Install prometheus-adapter to expose Prometheus metrics via the custom.metrics.k8s.io API. [src3]

helm repo add prometheus-community https://prometheus-community.github.io/helm-charts
helm install prometheus-adapter prometheus-community/prometheus-adapter \
  --namespace monitoring \
  --set prometheus.url=http://prometheus-server.monitoring.svc \
  --set prometheus.port=9090

Verify: kubectl get --raw "/apis/custom.metrics.k8s.io/v1beta1" | jq . -- should list custom metrics.

4. Configure scaling behavior (stabilization)

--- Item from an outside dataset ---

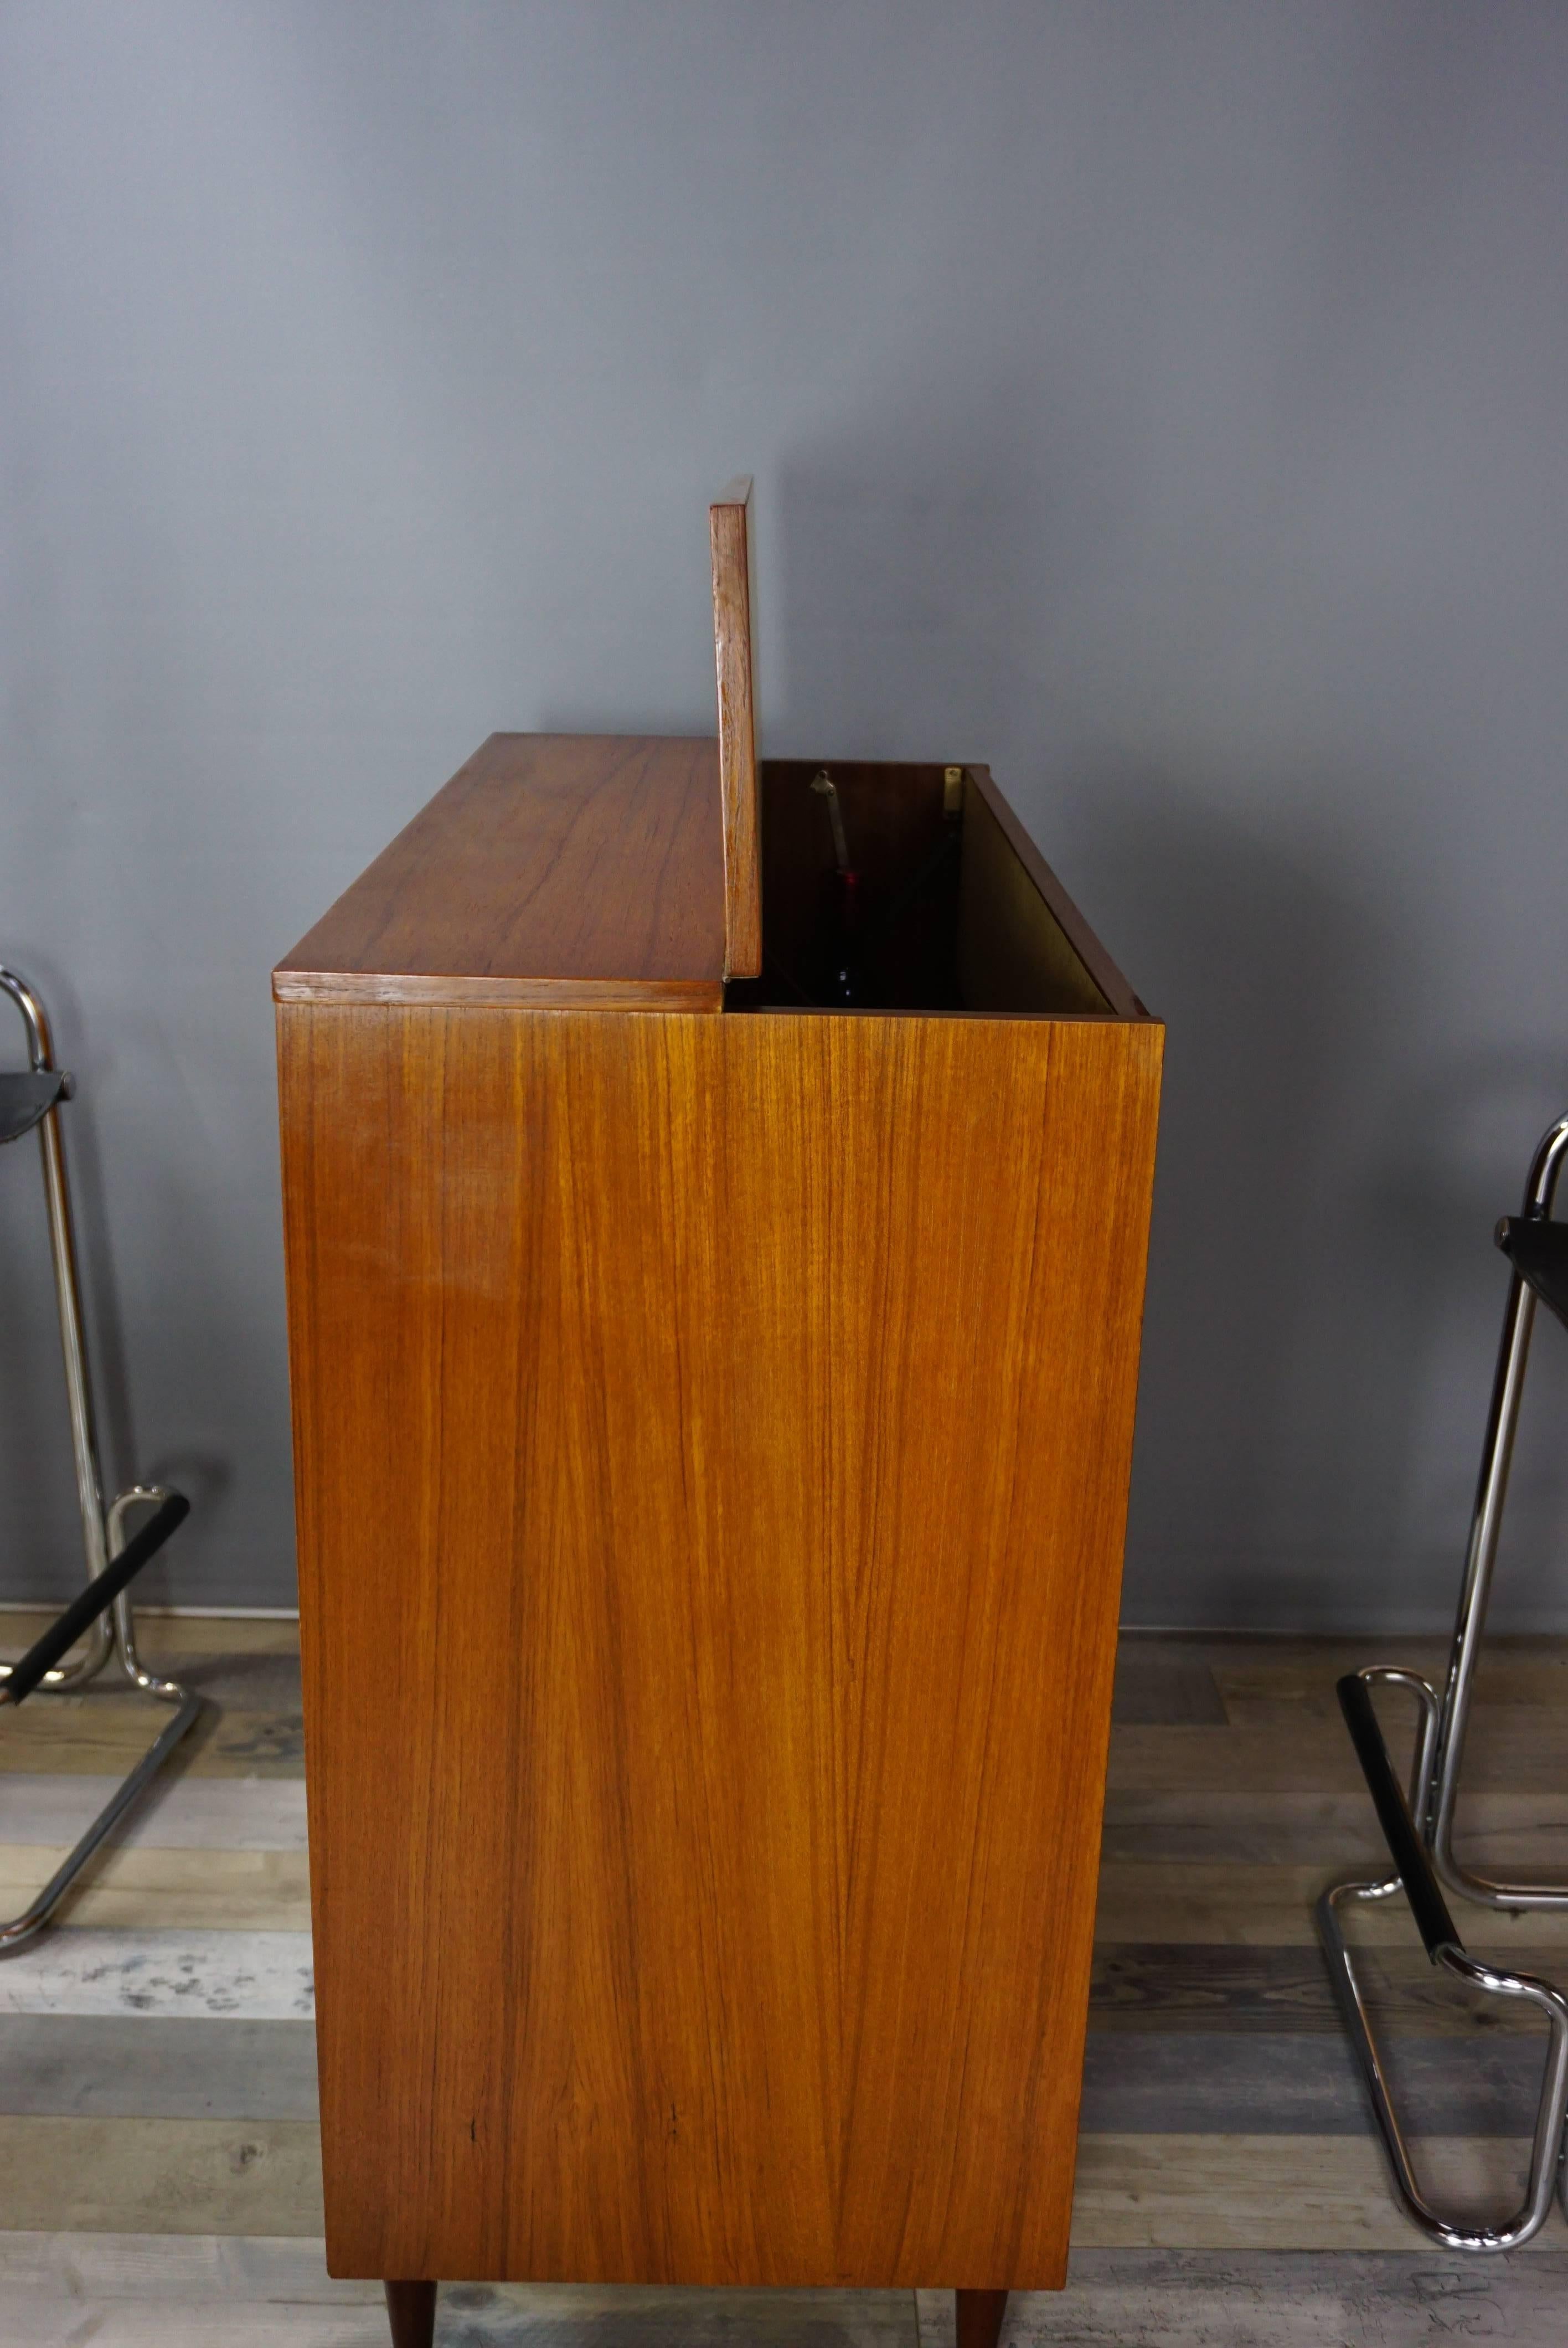 Mid-Century Modern Ceraùic and Wooden Teak Bar Cabinet from the 1960s

Fine-tune scale-up aggressiveness and scale-down conservatism to prevent flapping. [src5]

behavior:
  scaleUp:
    stabilizationWindowSeconds: 30
    policies:
    - type: Percent
      value: 100
      periodSeconds: 60
    - type: Pods
      value: 4
      periodSeconds: 60
    selectPolicy: Max
  scaleDown:
    stabilizationWindowSeconds: 300
    policies:
    - type: Percent
      value: 10
      periodSeconds: 120
    selectPolicy: Min

Verify: kubectl describe hpa my-app-hpa -- check Events section for scaling decisions.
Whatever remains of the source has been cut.